Eating Chester

May 13th, 2008

If seafood is best eaten 100 metres from the ocean, imagine scallops harvested from an ocean farm and eaten on the boat within minutes.

Scallop farmer Duncan Bates and Tempest Chef Michael Howell teamed up to dazzle a TV crew — and me — with the freshest seafood we’ve ever enjoyed. The Nova Scotia launch of my book, Apples to Oysters: A Food Lover’s Tour of Canadian Farms, could not have been more delicious.

After Duncan pulled a few dozen farmed scallops from the lantern nets, Michael and I got shucking, discarding mantel, frills and digestive sac but leaving the gonad attached. Though the gonad of the scallop is a delicacy in Asia — akin to lobster roe or caviar — most folks in Canada’s east coast eat only the white pillow of meat, or adductor. What a shame.

Red tide or PST can collect in the gonad, unlike the meat, but Duncan grows his scallops in an ocean bay that is generally free of red tide and the water is tested extensively to ensure his scallops are safe.

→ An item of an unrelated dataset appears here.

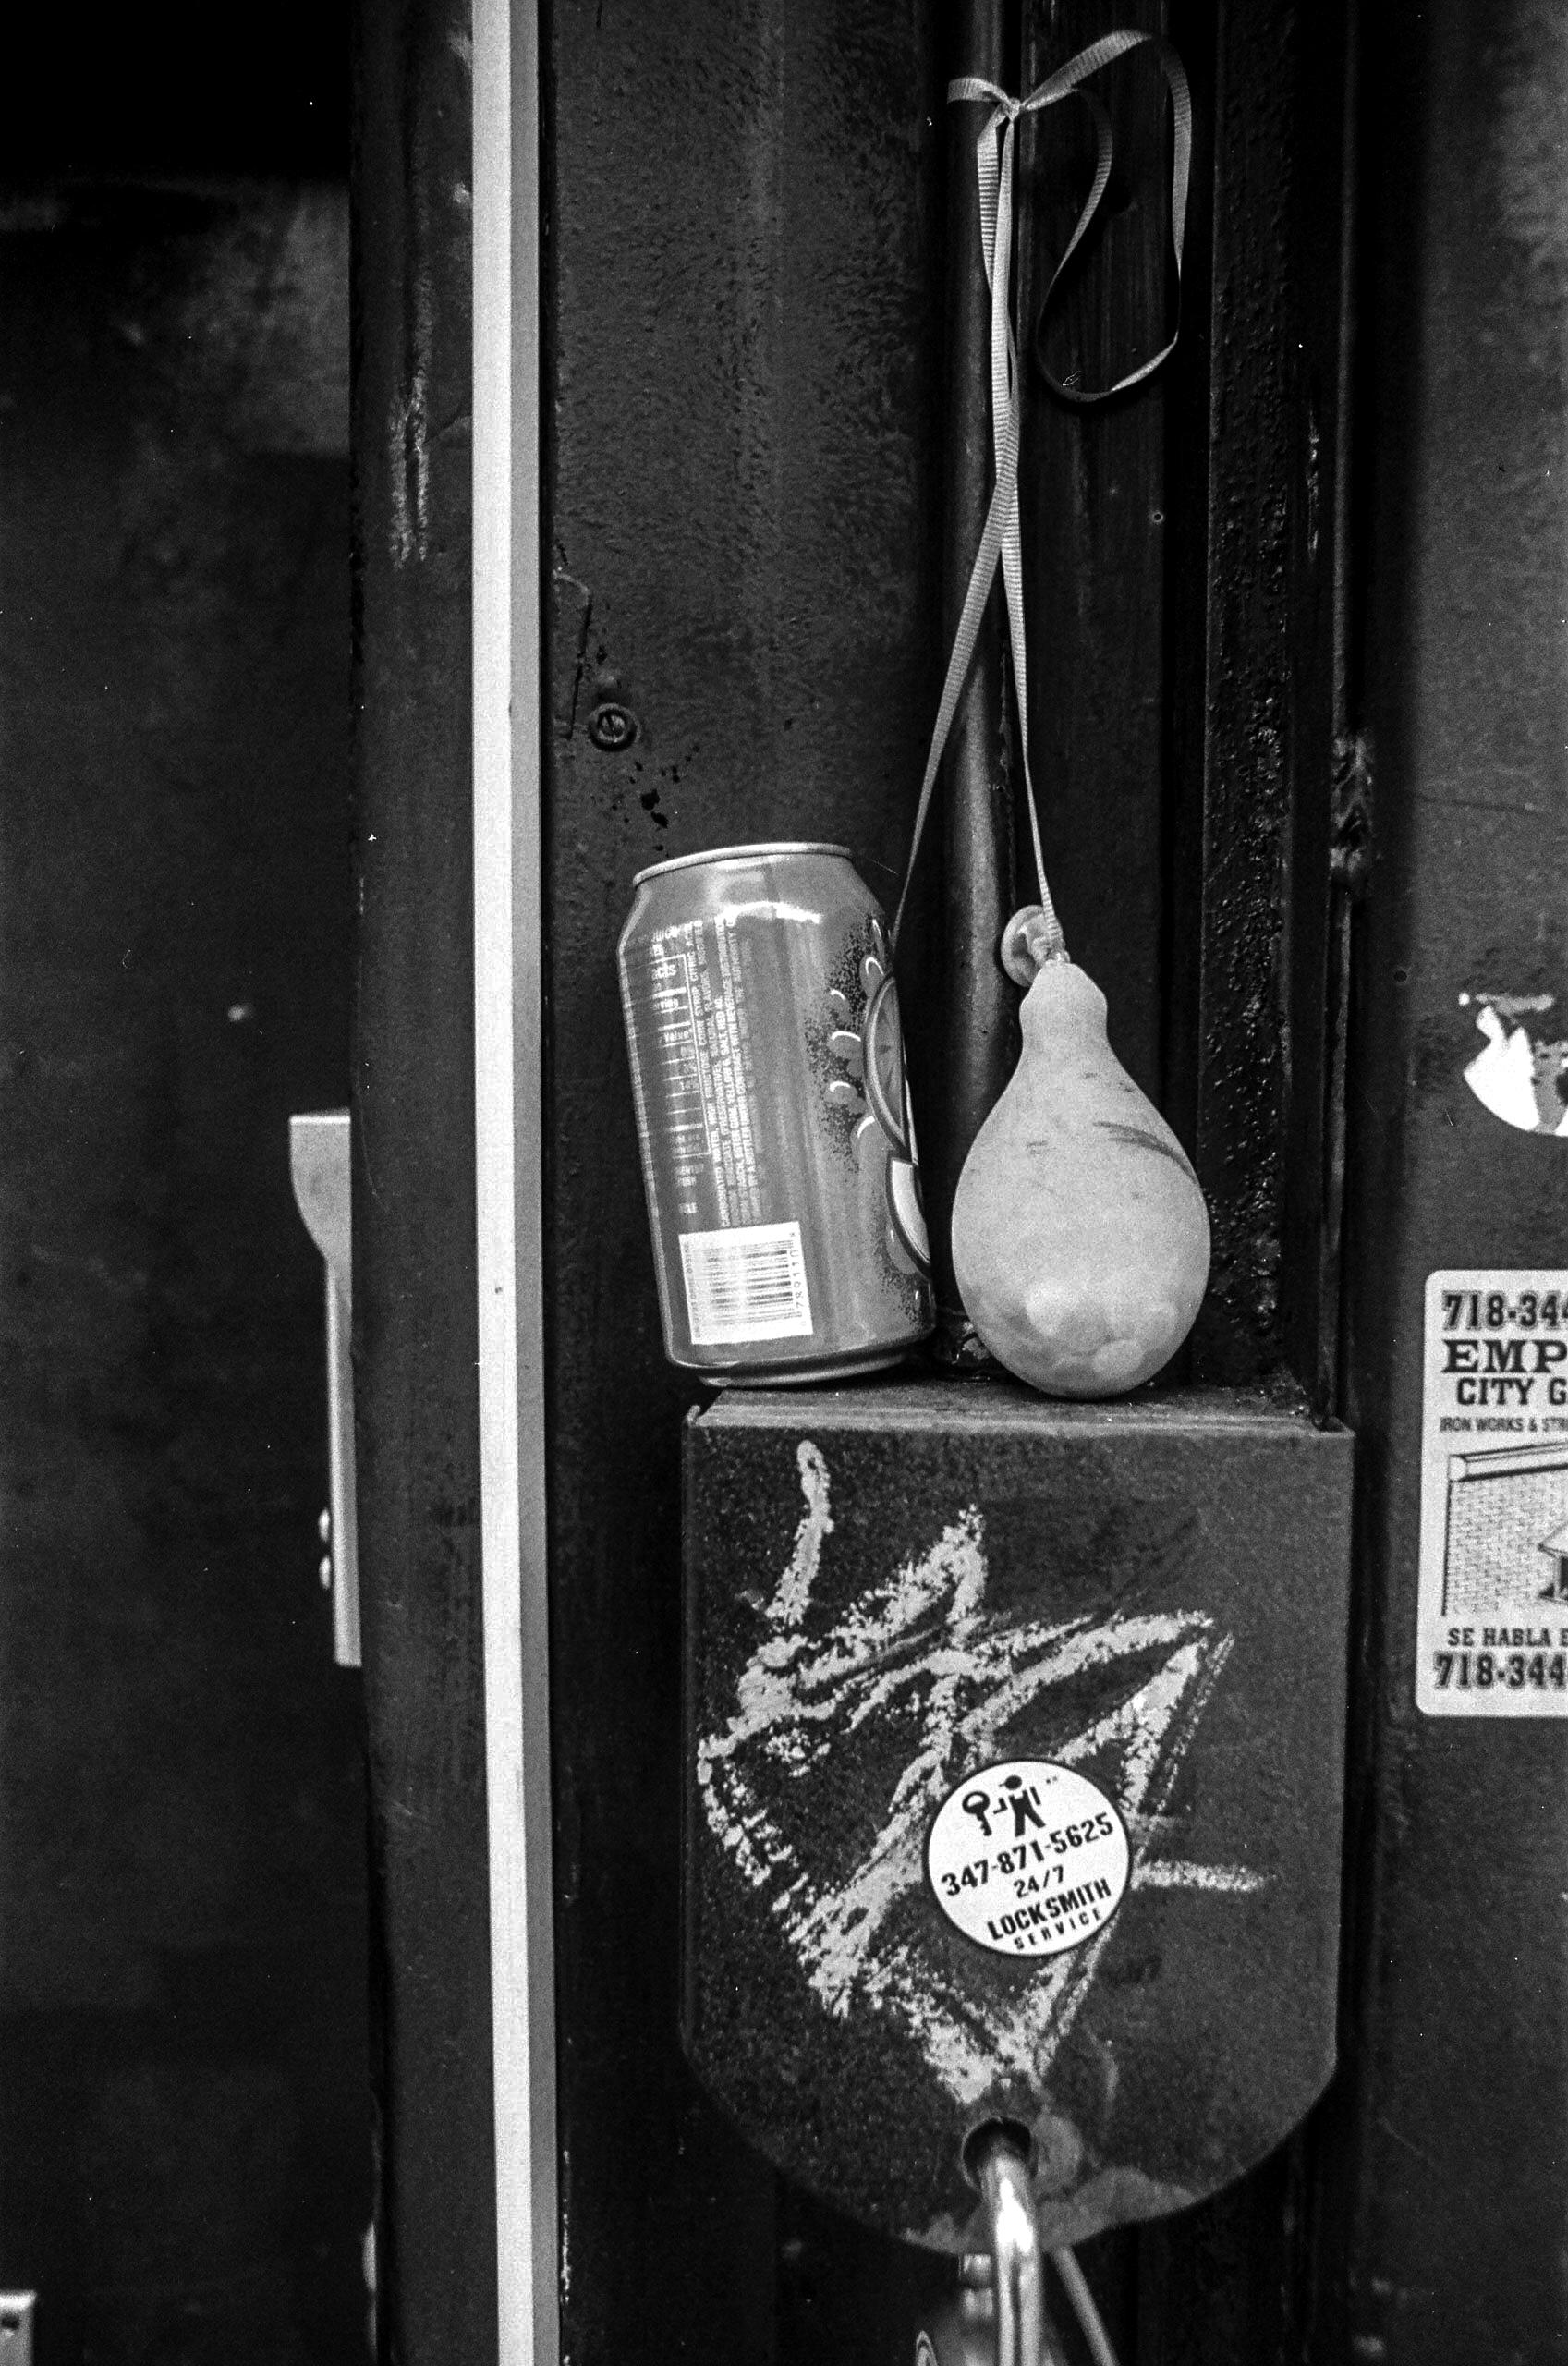 Ballon and Can, Flatbush, Brooklyn_Film Photography_NYC_Joe Curry Photography_2018.jpg

But beyond being able to eat the pretty and tasty gonad, there are other advantages to serving farmed scallops. A farmer can harvest them in the morning and have them on your plate that night, with the adductor still flickering, they are that fresh. And you can eat these scallops guilt free as farming has virtually no impact on the ocean compared to the wild scallop fishery, which involves extensive and damaging dragging of the ocean floor.

Chef Michael Howell knows all this. He only serves sustainable seafood at his excellent Tempest in Wolfville and farmed scallops are a signature dish. On this sunny spring day, Michael fired up a Bunsen burner, sautéed the scallops and gonads then returned them to a half shell and drizzled them with a beurre blanc accented with chives he had picked from his garden that morning.

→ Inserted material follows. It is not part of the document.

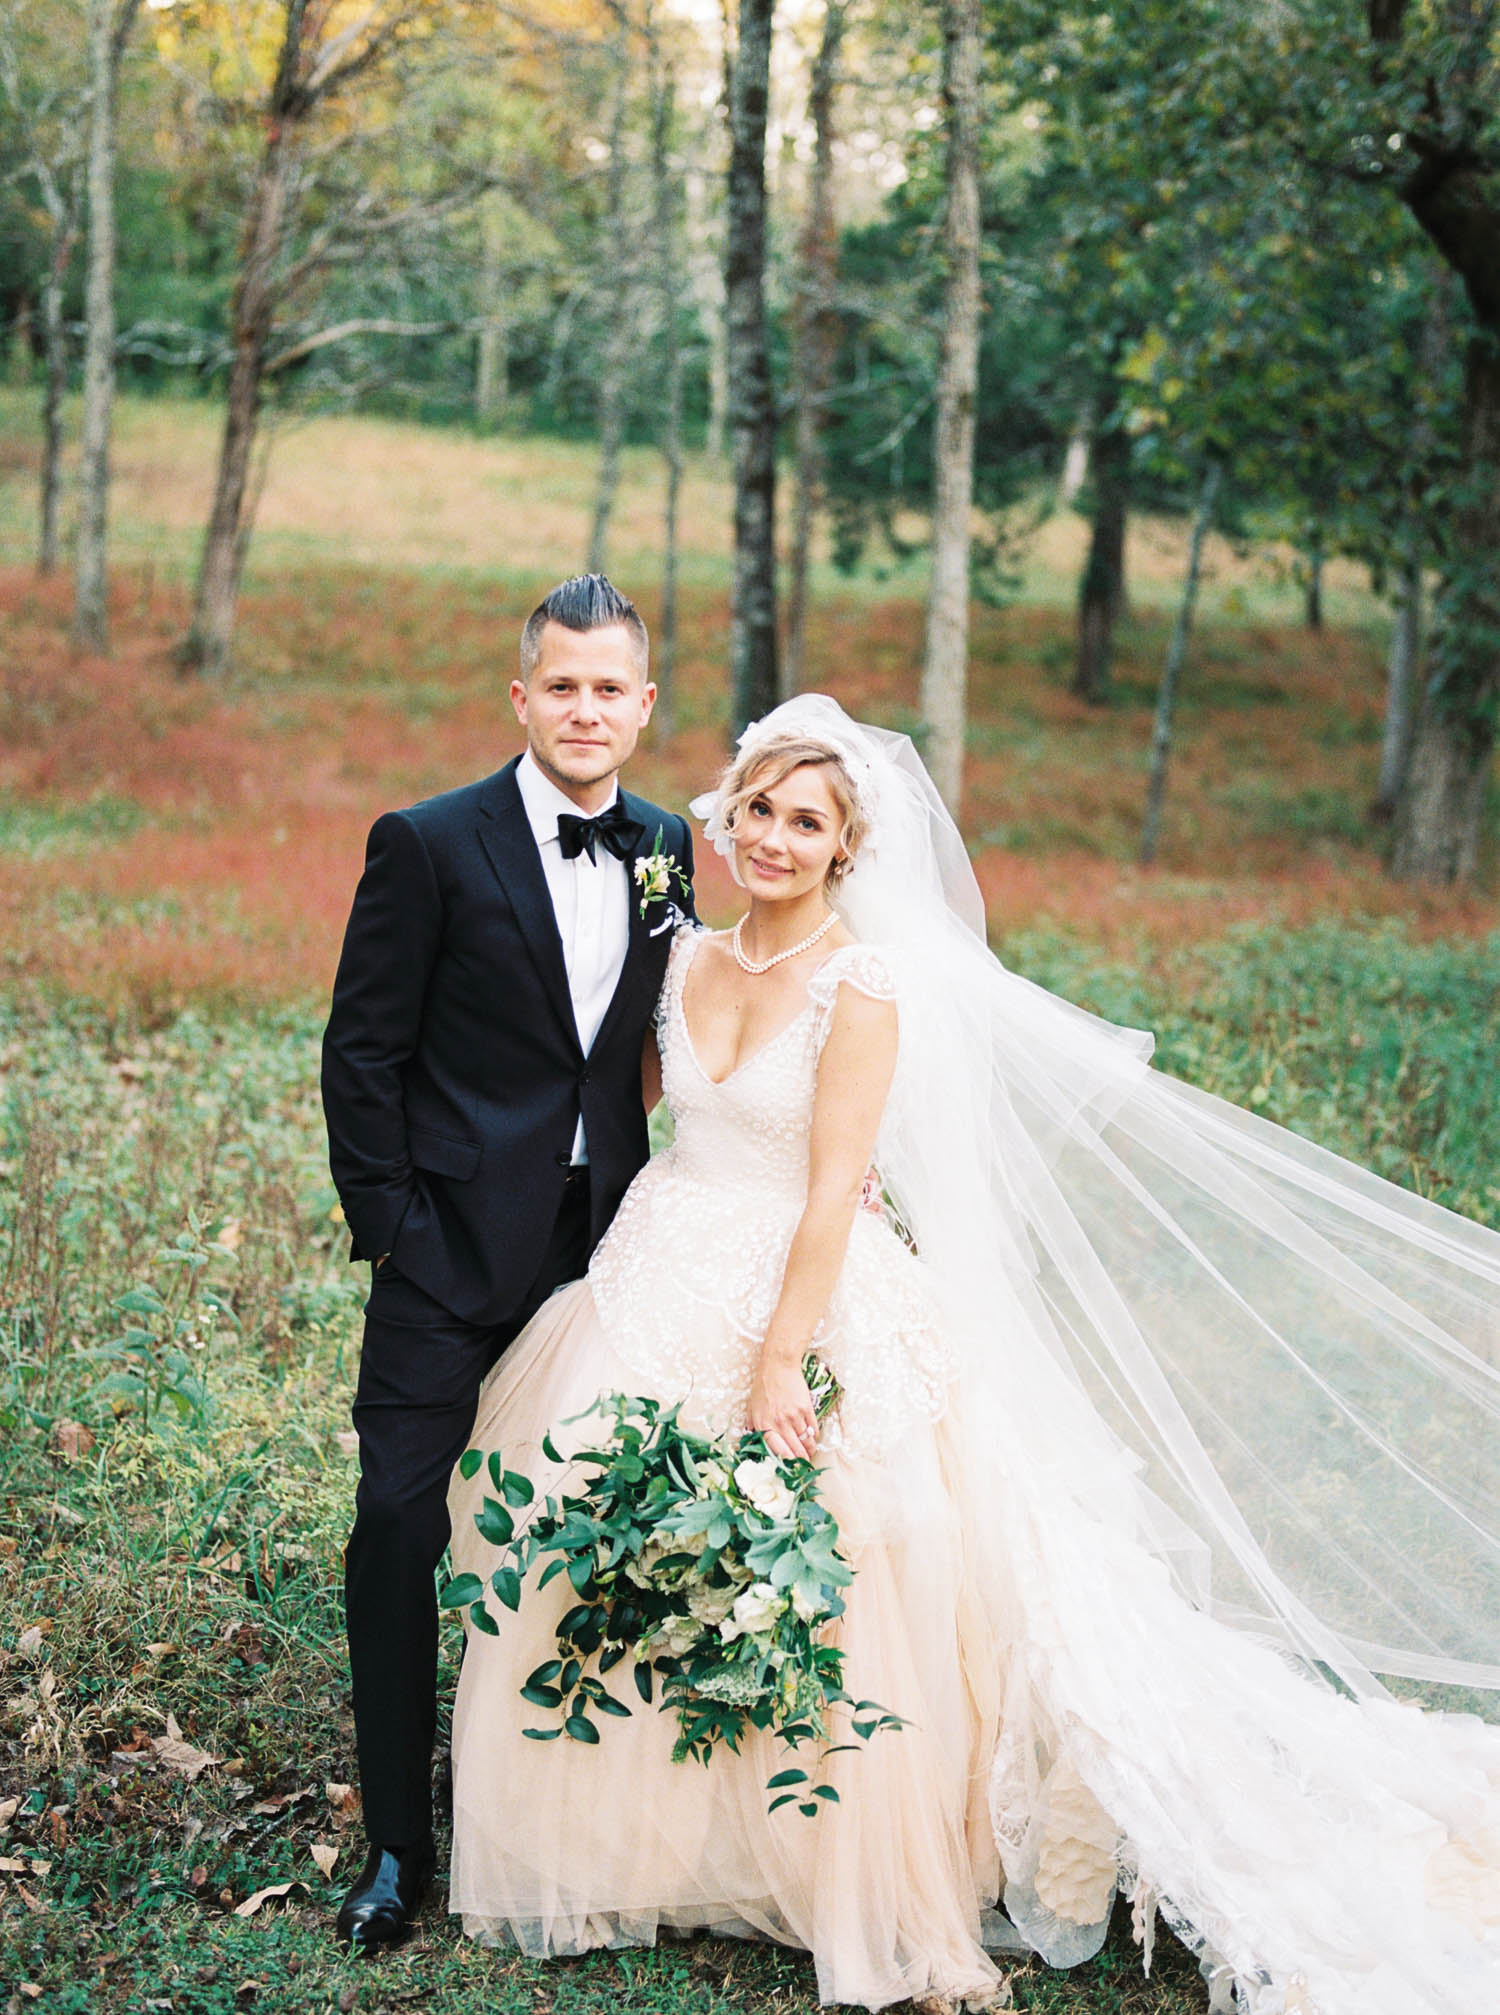 Blush wedding dress with asymmetrical, trailing floral design in Nashville, TN.

The scallops were so delicious, Duncan and I could not stop grinning as we ate, while CTV’s Live at Five host Liz Rigney cursed the shellfish allergy that prevented her from diving into this scallop feast.

And Michael was just getting going. He followed up with a scallop ceviche (with passion fruit and fresh ginger flavouring the lime juice) and a stupendously yummy scallop chowder.

As we motored back to shore, bellies full of scallops, we had the happy feeling of being at one with the sweet spring ocean.